Listed records
§ §

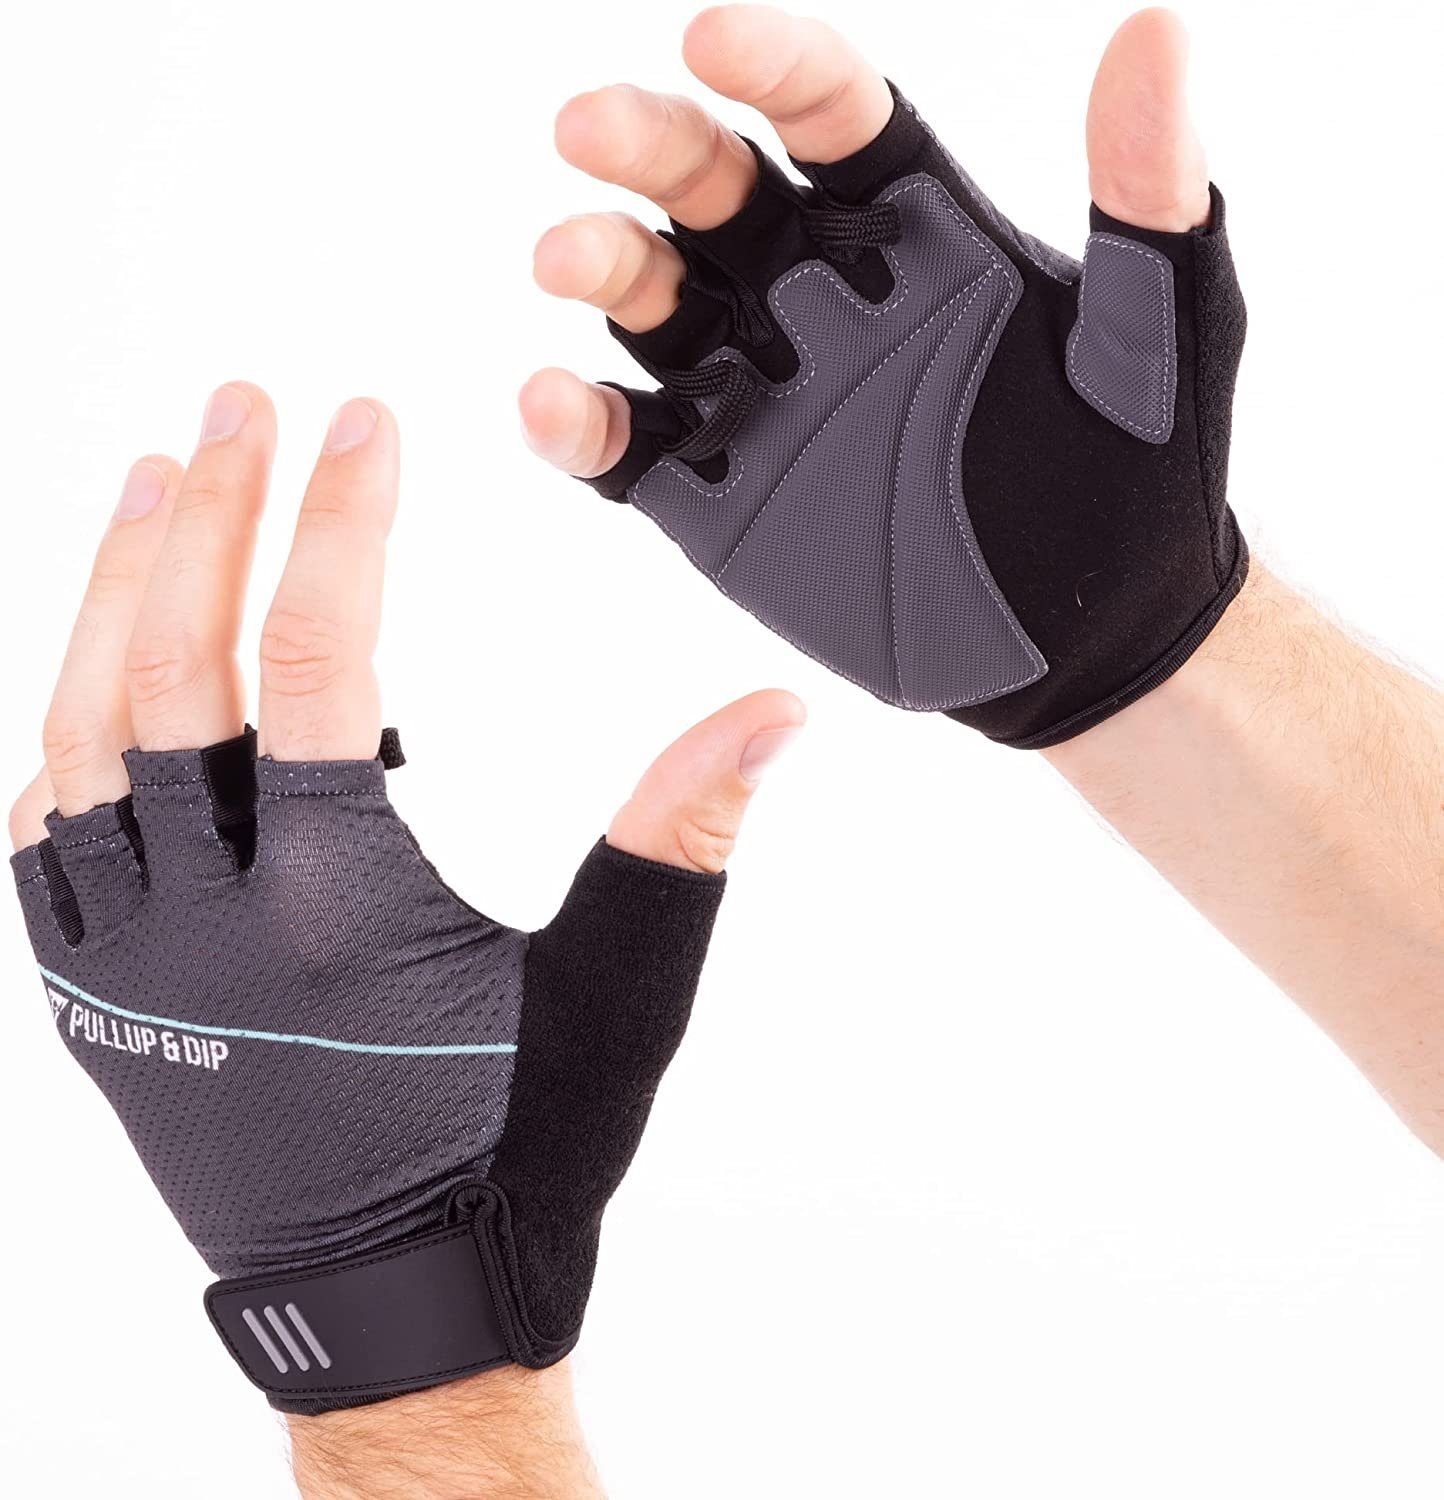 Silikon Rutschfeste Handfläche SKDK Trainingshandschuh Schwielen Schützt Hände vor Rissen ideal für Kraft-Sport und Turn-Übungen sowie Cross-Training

§ §

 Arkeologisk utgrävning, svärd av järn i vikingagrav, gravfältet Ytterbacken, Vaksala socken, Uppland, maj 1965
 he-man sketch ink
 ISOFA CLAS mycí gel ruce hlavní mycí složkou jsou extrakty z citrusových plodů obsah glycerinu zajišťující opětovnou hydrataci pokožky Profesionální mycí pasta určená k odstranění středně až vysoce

§ §

Directions for this task
Which lines above run from the one containing "Arkeologisk utgrävning, svärd" down to the one containing "ISOFA CLAS mycí"? Repeat exactly those, both ends included, and nothing else.

Response area
 Arkeologisk utgrävning, svärd av järn i vikingagrav, gravfältet Ytterbacken, Vaksala socken, Uppland, maj 1965
 he-man sketch ink
 ISOFA CLAS mycí gel ruce hlavní mycí složkou jsou extrakty z citrusových plodů obsah glycerinu zajišťující opětovnou hydrataci pokožky Profesionální mycí pasta určená k odstranění středně až vysoce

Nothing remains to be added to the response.